Figure 5. Deficient activation of TLRs by inactivated vaccines

(a) Iκ-Bα expression by Western Blot in dendritic cells (CD11c⁺) isolated from regional popliteal lymph nodes 24 h. after footpad inoculation of UVRSV or RSV. Representative of two independent experiments. (b) Determination of 50% avidity against RSV F and (c) RSV-specific neutralization (PRNT₅₀) in sera from wt B6 and Myd88^+/− mice inoculated intranasally with RSV. Results are means ± SEM (error bars) of 6–8 animals per group and representative of two independent experiments. P < 0.05 for both comparisons. (d) Determination of 50% avidity against RSV F and (e) RSV-specific neutralization (PRNT₅₀) in sera from pre-immunized BALB/c mice with RSV, UVRSV, UVRSV+LPS, and UVRSV+LPS+Poly(I:C)+PolyU. For UVRSV vs. UVRSV+LPS+Poly(I:C)+PolyU P<0.05, vs. RSV P<0.01. For RSV vs. UVRSV+LPS+Poly(I:C)+PolyU P =NS. Representative of two independent experiments. (f-h) Anti-F IgG responses, IgG avidity and RSV-specific neutralization in Myd88^−/− mice recipients of wt B cells and (i,j) anti-F IgG responses and neutralization in µMT mice recipients of Myd88^−/− B cells. Mice were inoculated with wtRSV (black squares), UVRSV+TLR (gray squares) or UVRSV (white circles). In F and H, P<0.05 for UVRSV vs. wtRSV and vs. UVRSV+TLR.

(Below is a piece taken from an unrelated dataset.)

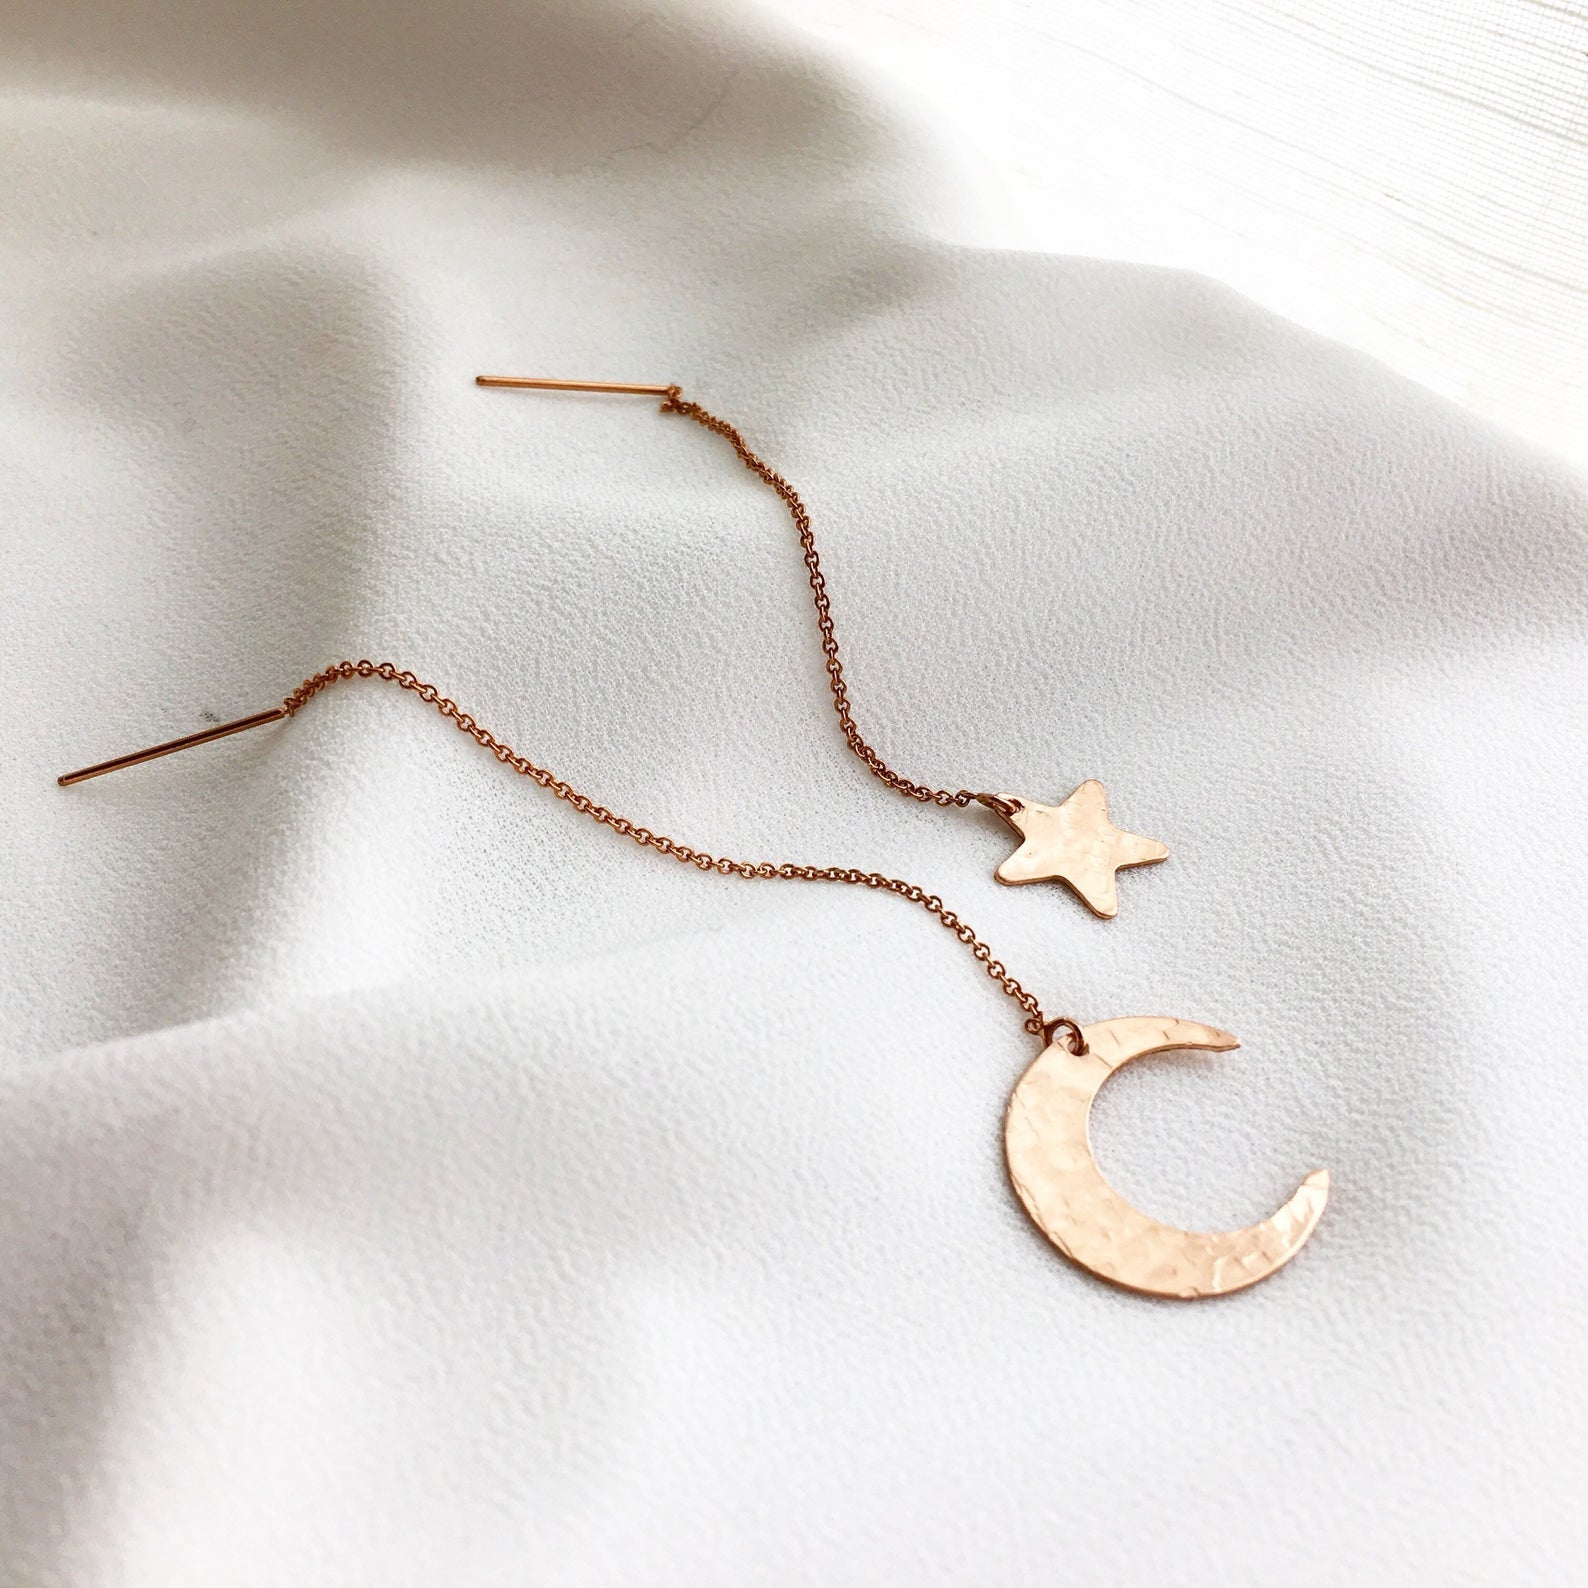 Moon and Star Ear Threader, Ear Thread, Dangling Star and Moon Earrings, In Gold, Silver &amp; Rose Gold, Star and Moon Earrings, Mothers Day Gift, Gift For her

Figure 6. UVRSV plus TLR agonists protects against ERD

(a) Airways resistance 7 d after RSV challenge in previously immunized BALB/c mice. Results are means ± SEM (error bars) of 4–6 animals per group and are representative of two independent experiments. Mice were inoculated with wtRSV (black squares), UVRSV+TLR (gray squares), UVRSV (white circles) or placebo (white squares). For UVRSV+TLR, P<0.05 vs. UVRSV; and P=NS vs. wtRSV or placebo. (b–d) Pulmonary histopathology 7 days after RSV challenge in mice that had received UVRSV+TLR preimmunization: Hematoxylin and eosin (b), Hematoxylin and Congo Red (c) and periacid Schiff (d) showing absence of pneumonia, eosinophilia and mucus production. Scale bar for b and d: 100 µm; scale bar for c: 25 µm (e) Lung viral titers 4 days after RSV challenge in recipients of UVRSV+TLR, UVRSV, RSV or placebo. Results are means ± SEM (error bars) of 4–5 animals per group. For UVRSV+TLR, P<0.05 vs. UVRSV and placebo; P=NS vs. wtRSV. (f,g) Pulmonary histopathology in µMT mice immunized with FIRSV and passively transfused with sera obtained from UVRSV+TLR, UVRSV or wtRSV inoculated mice. µMT mice were subsequently challenged with wtRSV (day 7 post-challenge): Hematoxylin and eosin (f), Hematoxylin and Congo Red (g). Scale bar for f: 100 µm; scale bar for g: 25 µm Yellow arrows showing eosinophils.